Rushian Marcus Amori Hepburn-Murphy (born 28 August 1998) is an English professional footballer who plays as a forward and currently plays for Swindon Town in the EFL League Two.

Club career

Aston Villa
Hepburn-Murphy is a product of the Aston Villa youth academy. On 14 March 2015, he made his league debut for Aston Villa, coming on as a substitute for the last seven minutes in place of Christian Benteke in the 4–0 away victory at Sunderland. At the age of 16 years and 176 days, he is the second youngest player in the club's history. He is also the youngest player to appear in a match for the club during the Premier League era.

Cambridge United (loan) 
On 11 January 2019, Hepburn-Murphy agreed to join Cambridge United on loan for the remainder of the season.

Tranmere Rovers (loan) 
On 2 August 2019, Hepburn-Murphy joined EFL League One  side Tranmere Rovers F.C.on a season-long loan. He made his debut as a 45th minute substitute in Tranmere's opening day 2–3 loss to Rochdale, picking up a 90th minute red card for violent conduct. On 2 November 2019, Hepburn-Murphy scored his first league goals for Tranmere, and his first ever career hattrick in a 3–1 victory over MK Dons. He returned to Aston Villa earlier than planned on 31 January 2020.

Derby County (loan) 
On 31 January 2020, Hepburn-Murphy joined Derby County on loan for the rest of the season.

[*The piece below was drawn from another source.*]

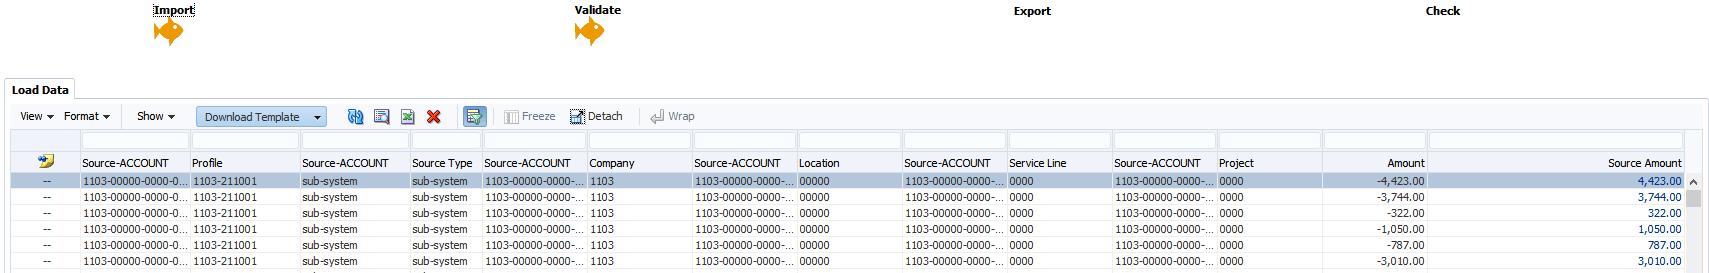 Data Load Workbench
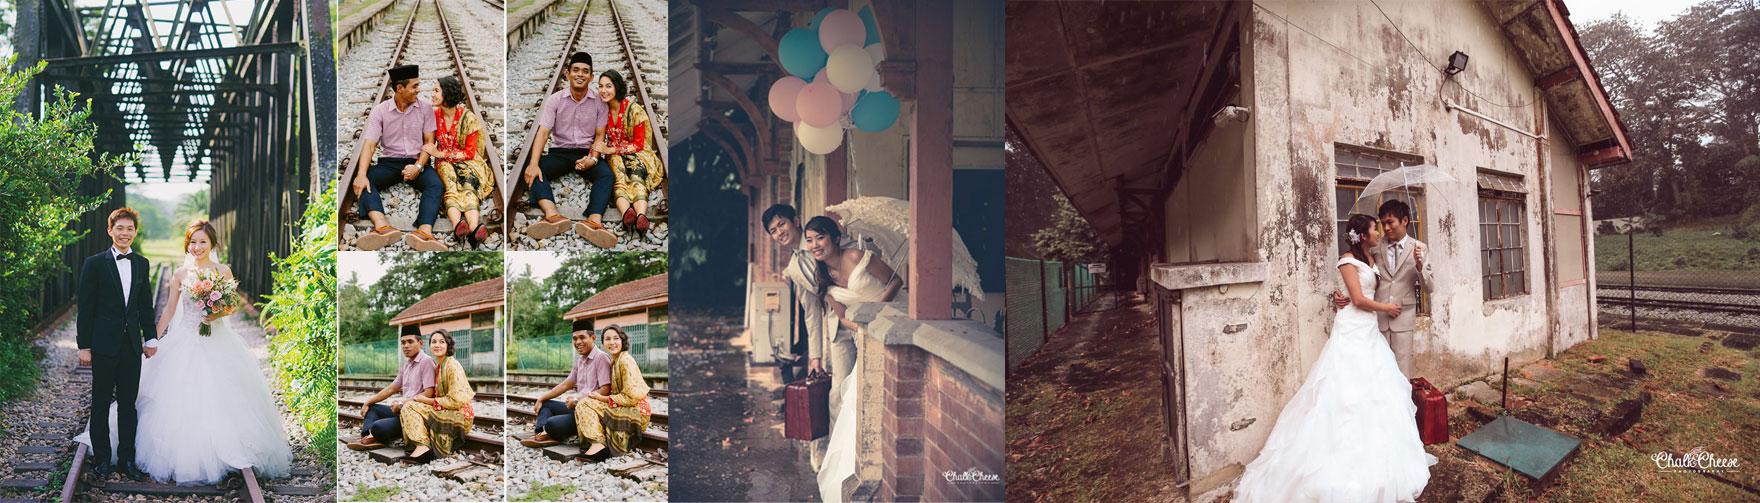 Bukit-Timah-Railway-Tracks-wedding

On 25 June 2020, Hepburn-Murphy's loan at Derby was ended without him making an appearance, as he was released by Aston Villa.

Pafos
On 15 July 2020, Hepburn-Murphy joined Pafos in the Cypriot First Division. In his first outing for Pafos, Hepburn-Murphy scored 7 goals in a single pre-season friendly game, a 9–0 victory against a Riga FC XI. Hepburn-Murphy made his competitive debut on 22 August 2020, in a 2–2 home draw against Omonia.

On 7 January 2021, Hepburn-Murphy scored his first ever goal in the Cypriot First Division, in a 5–0 victory over Olympiakos Nicosia. 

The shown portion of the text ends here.